Frankly, with the arguable exception of the Rosenbergs, I suspect The Duke, with his loud mouth and vivid imagination, did far more harm to this country than any domestic Communist conspiracy.
The Guardian’s version of the story does at least explain how Welles is supposed to have been privy to the information. He was supposedly told by Sergei Bondachuk (presumably when making Waterloo), whose souces in turn were Alexei Kapler and Sergei Gerasimov.
A Russian version of Chinese whispers aside, it wouldn’t have been the first time Welles made up a dinner table anecdote. But he no doubt told it brilliantly.

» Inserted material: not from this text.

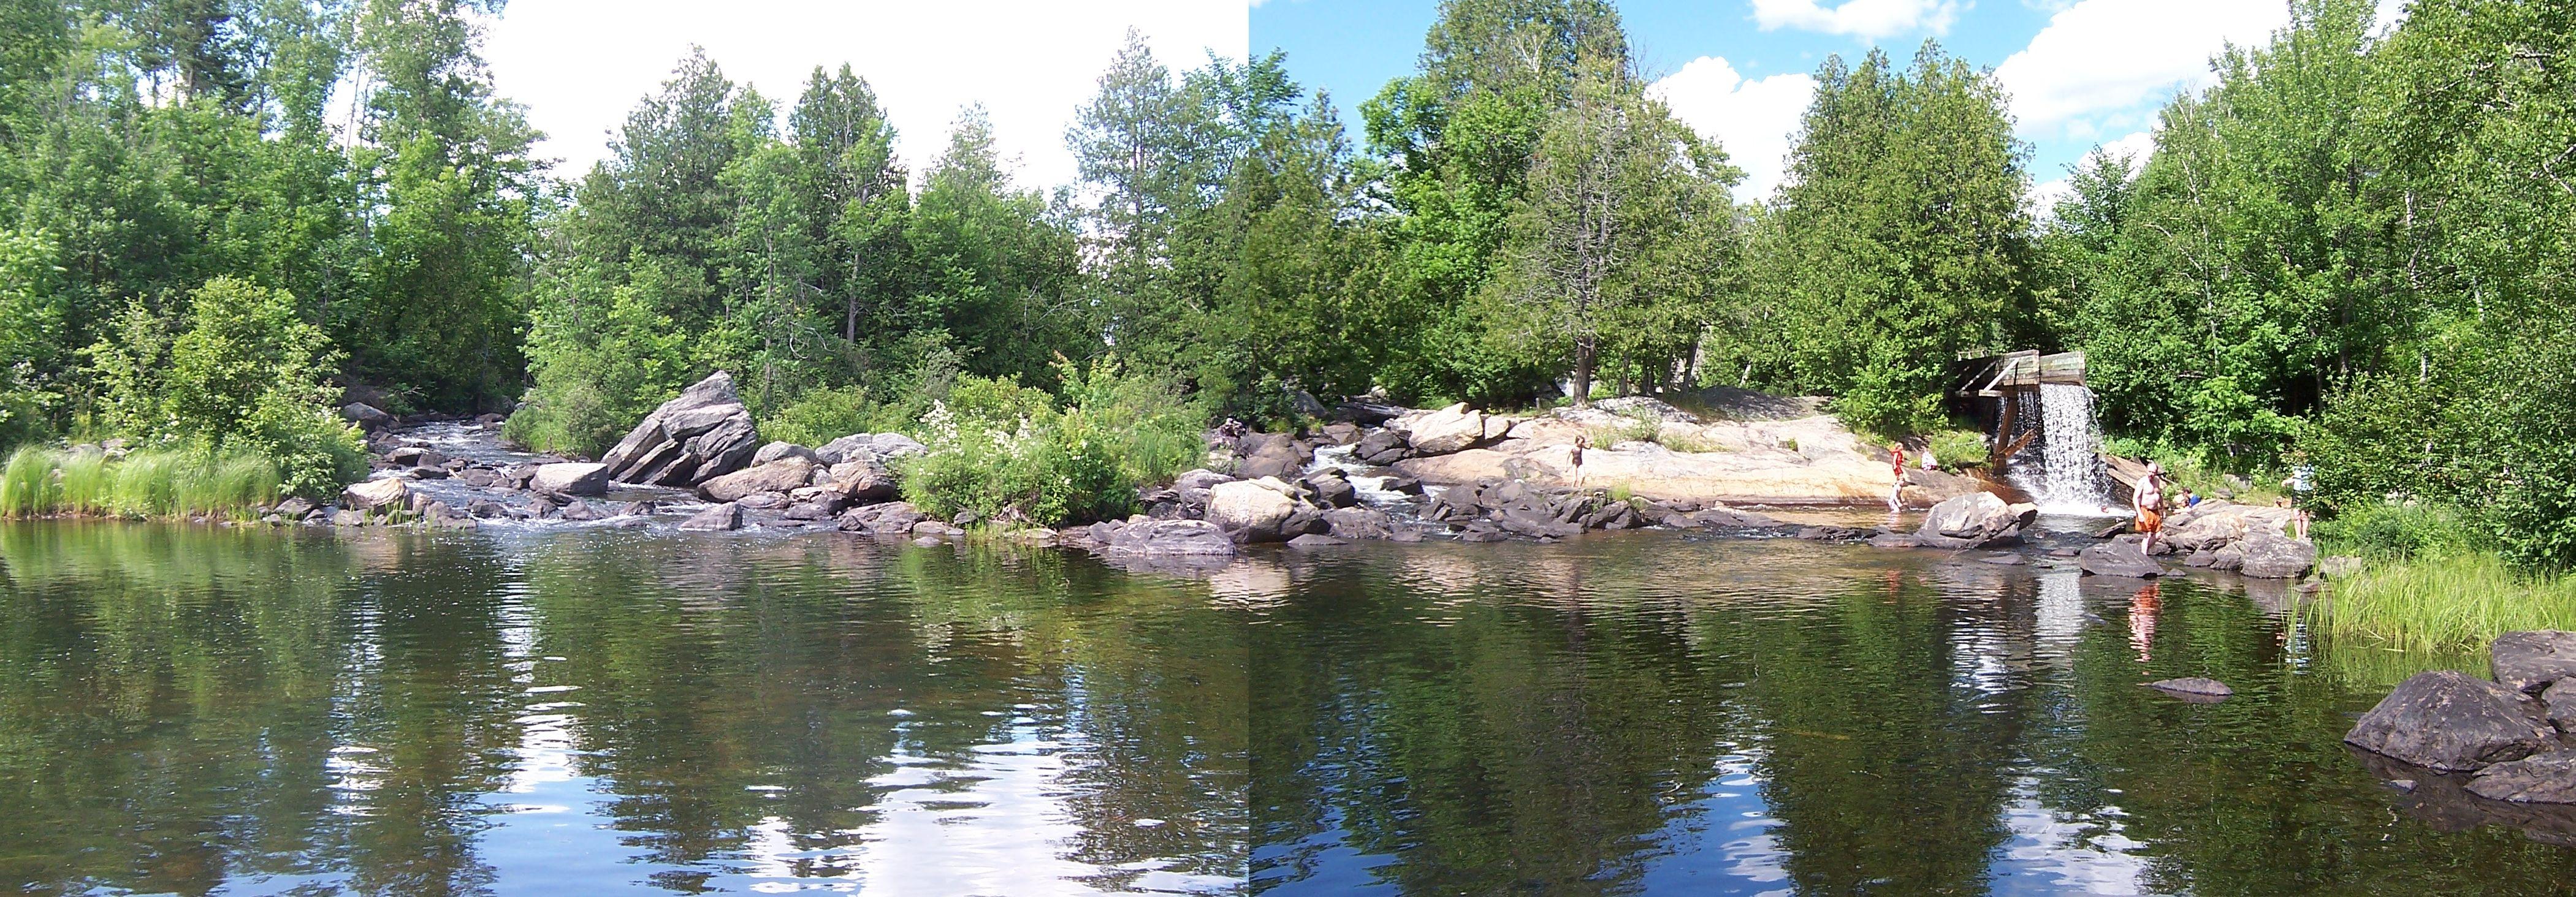 Bancroft Ontario Area Pictures

Sooooo…the Man Who Would Sell No Wine Before It’s Time, But Would Still Drink It, was asked for a story, this “journalist” was buying the drinks, & the man who scared America shitless with bogus Martians got in one last zinger.
As a regular Private Eye reader, I had become familiar with the suggestions that Michael Munn was just making stuff up, but hadn’t made the connection with this John Wayne story until this big article in today’s Observer.
Seems I was rather unfair to Welles back in 2003. It probably wasn’t him who’d made the story up.